While the eyes of the world are on the Russia-Ukraine war, and while companies the world over are grappling with the fallout, the 2022 AGM and proxy season is quietly getting underway.

ESG is now, without question, a mainstream lens through which companies are viewed and assessed by investors. AGMs have become firmly established as a platform for shareholders to bring key ESG issues to the attention of boards and the public.

Global ESG assets are projected to surpass $41 trillion by 2022 and $50 trillion by 2025, one-third of the projected total assets under management globally, according to Bloomberg Intelligence. ESG funds represent the fastest-growing part of the global fund market.

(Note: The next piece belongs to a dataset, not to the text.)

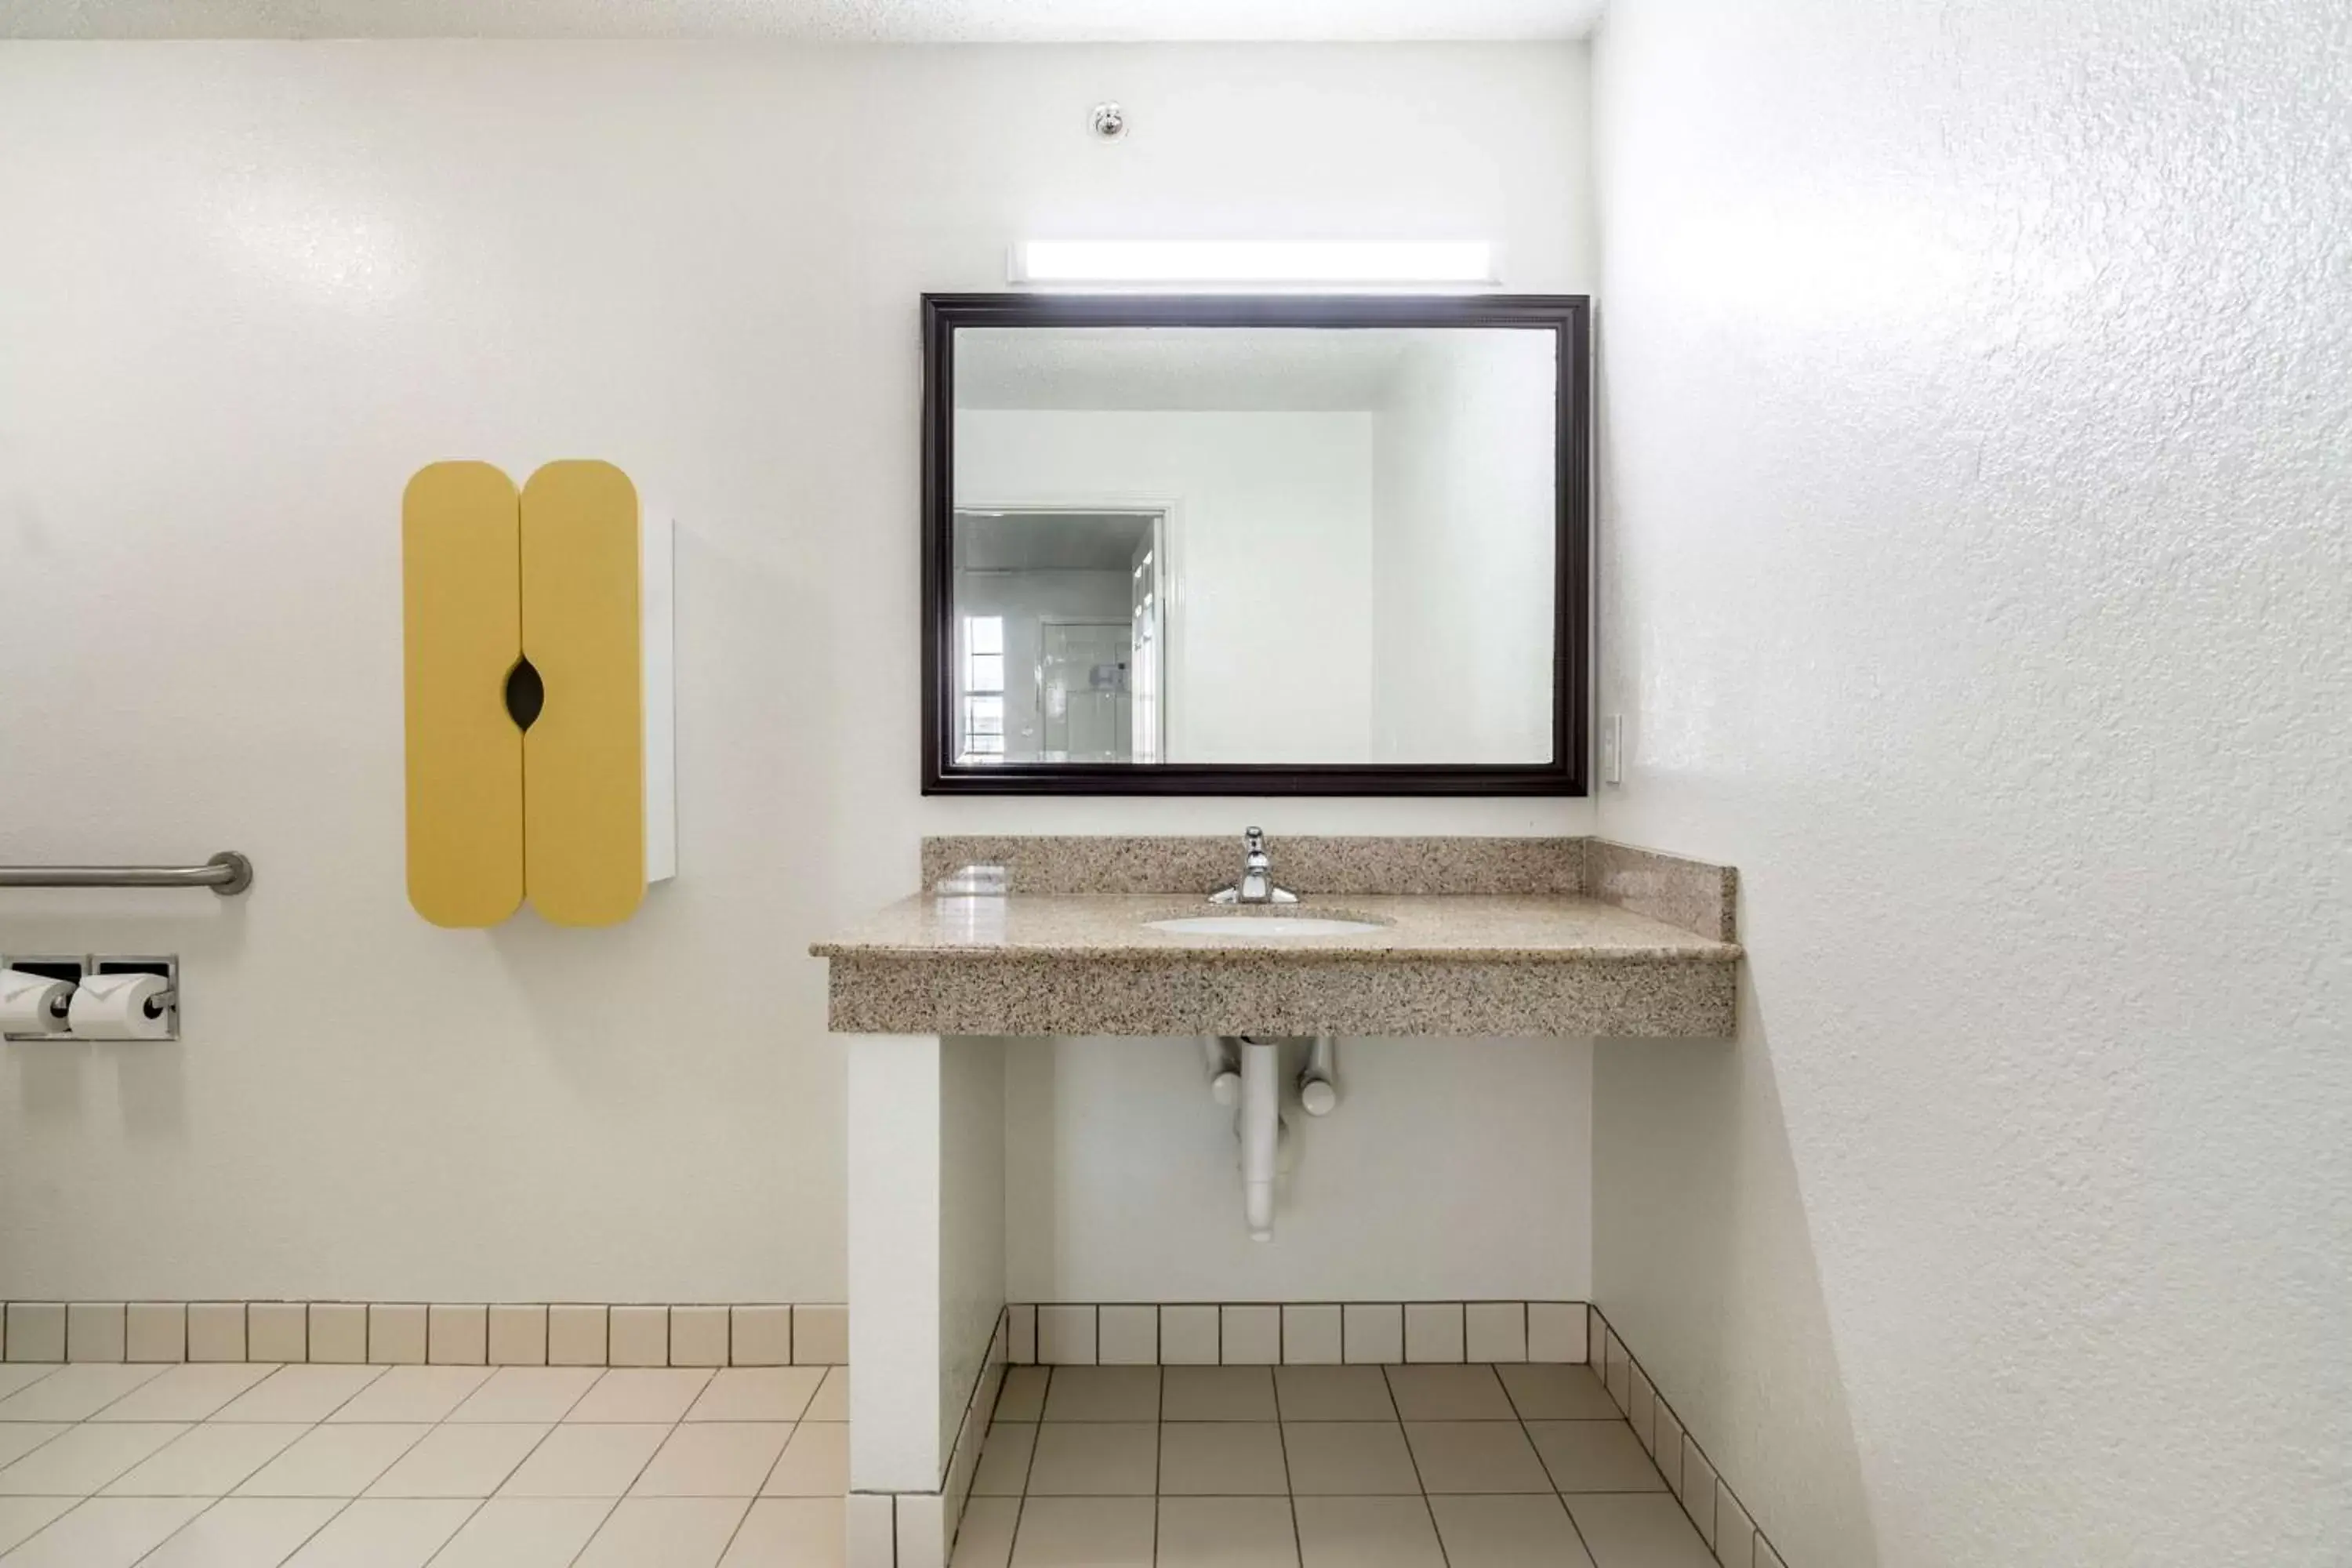 Photo of the whole room, Bathroom in Studio 6-Plano, TX - Dallas - Plano Medical Center

We expect ESG issues to rank high on this year’s AGM discussions between investors and managements, continuing a strong trend we saw in 2021, when we observed the following:

  • A higher percentage of shareholder proposals on environmental issues are winning majority support. Shareholders across Europe, the US and Australia sent a clear message through their voting that they expect companies to establish robust decarbonization strategies and plans. Around 30% of shareholder resolutions on environmental issues received majority support from investors in 2021, with resolutions on specific aspects of climate action, such as lobbying, receiving more support than resolutions on corporate climate strategy. [1]
  • The “Say on Climate” campaign is gathering pace, although it received mixed reviews depending on regional investor perspectives. Say on Climate votes that were backed by company management have received high levels of investor support, often with upwards of 90% “for” votes. [2]
  • Diversity as the key social issue, with many disclosure-related diversity resolutions receiving good support. Overall, however, most shareholder resolutions on other social issues failed to get significant or received considerably lower support than environmental resolutions. [3]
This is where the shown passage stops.